При этом Ганс настаивал на экономии. Он боялся, что они останутся без денег как раз в тот момент, когда возникнет благоприятная для операции ситуация. Это было разумно. Как бы они выглядели, если бы им пришлось отказаться от поимки Саламэ только потому, что не хватило денег? Однако узнать что-нибудь о Саламэ им не удавалось — ни через их собственных осведомителей, ни через Луи, ни через Тони, ни даже через «папа?». Легче было бы взяться за других террористов.

В 1974 году активность террористов в Европе резко выросла. Акции их были успешны, в особенности организации «Национальная молодежная группа освобождения Палестины», которую поддерживал ливийский полковник Каддафи. Руководил этой организацией сначала Ахмед аль-Гафур, а позднее Абу Нидал. В ее состав входили террористы, считавшие, что «Черный сентябрь» и Народный фронт недостаточно активны в своей террористической деятельности. (Аль-Гафур был впоследствии захвачен группой Абу Иада из организации «Черный сентябрь» и, видимо, казнен.)

В 1974 году «Национальная молодежная группа» осуществила три успешных нападения на авиалайнеры. 8 октября они взорвали над Эгейским морем самолет авиакомпании Ти-дабл-ю-эй, летевший из Тель-Авива в Афины. Восемьдесят восемь человек погибли[87]. За три недели до этого, 15 сентября, террористы бросили ручную гранату в помещение «Ле Дрэгстор» на Елисейских Полях в Париже. Результат: двое убитых и двенадцать раненых. Это была совместная операция Народного фронта и японской «Красной армии». Руководил ею Карлос Шакал.

Тот самый Карлос, который заменил убитого группой Авнера Будиа. Поэтому за его действия они чувствовали себя в какой-то степени ответственными. Ничего не поделаешь. Его в списке не было. Абу Нидала тоже. Они не могли просить у Эфраима разрешения на новые операции после того, как их первоначальная миссия была аннулирована. Без разрешения действовать было нельзя. Им не найти оправданий. Единственное, что оставалось — выследить тех, кто был им поручен. В особенности Саламэ.

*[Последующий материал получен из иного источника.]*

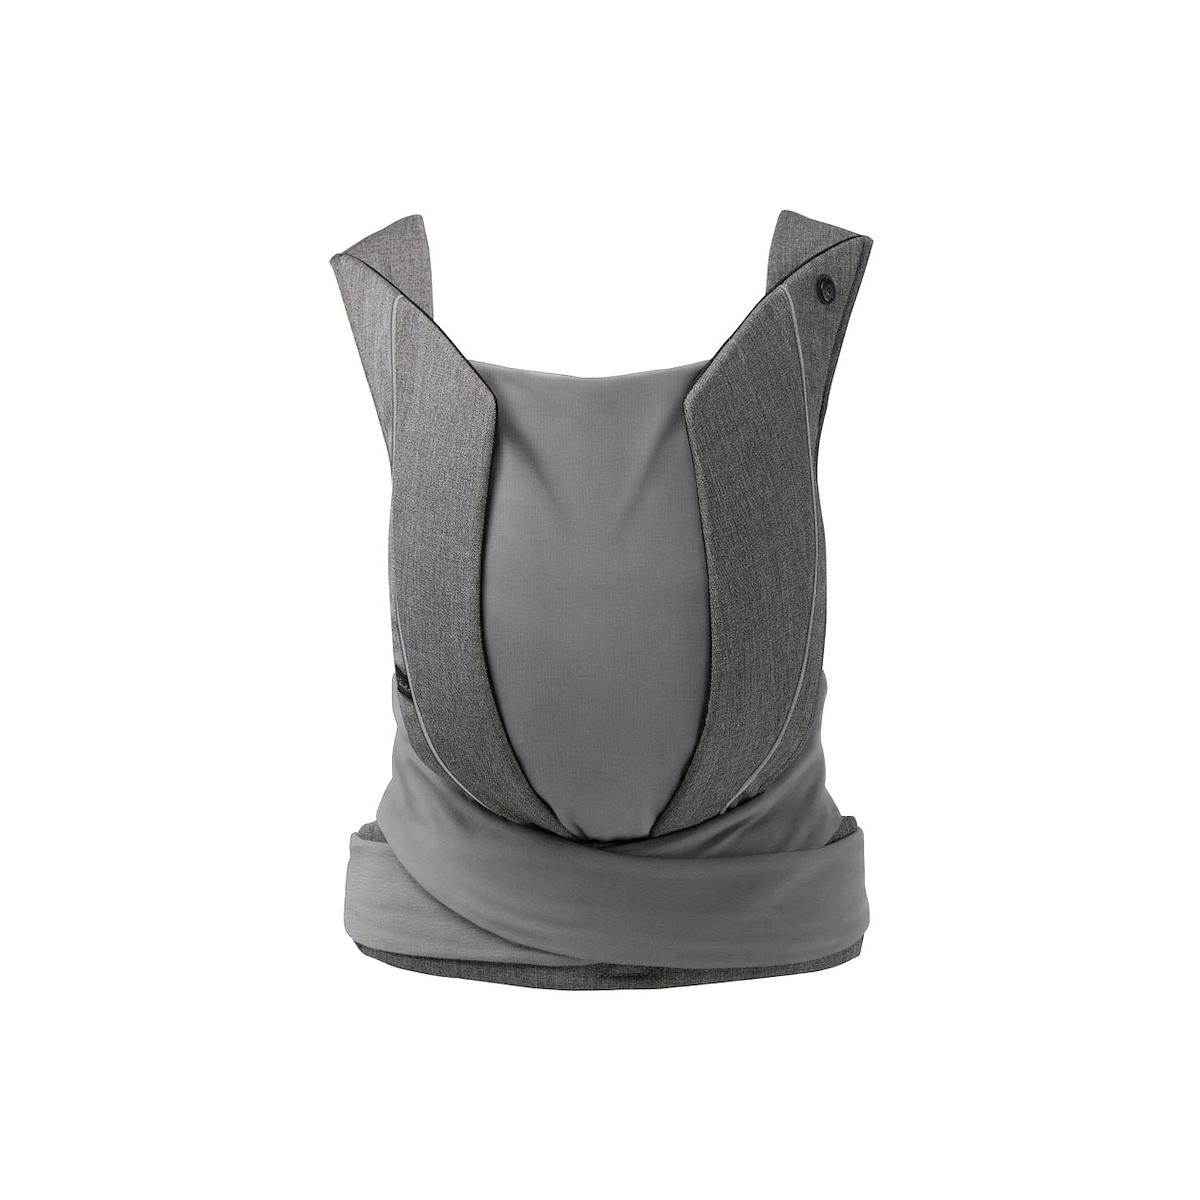 Portabebé YEMA TIE Cybex denim Manhattan grey-mid grey

Если бы только им удалось его найти! Но не было никаких указаний на то, что Саламэ собирается в Европу.

Рождество и Новый год они провели во Франкфурте. Город был в праздничном настроении. Они — в прямо противоположном. Ганса обуревали противоречивые чувства. Он был подавлен и замкнут, в то же время становясь все более воинственным и подозрительным. Он стал всегда носить с собой пистолет. Прежде никто из них оружия не носил. Только во время операций. Авнер и Стив тоже стали, выходя из дома, брать с собой пистолеты. На всякий случай. А вдруг подозрения Ганса относительно «папа?» справедливы, и кто-нибудь их выслеживает. Ганс придерживался мнения, что их неудача в Тарифе была подстроена. Авнер, однако, считал, что Ганс ошибается. Их бы встретили огнем. И не один-единственный террорист, застегивающий на ходу штаны. Но после зловещей смерти Карла и Роберта, осторожность была просто необходима. Не исключено, конечно, что террористы в Тарифе были об их приезде осведомлены, но ждали их позднее. Авнер, кстати, сказал осведомителю «папа?» в Тарифе, что они пока не собираются ничего предпринимать и будут дожидаться приезда своих друзей.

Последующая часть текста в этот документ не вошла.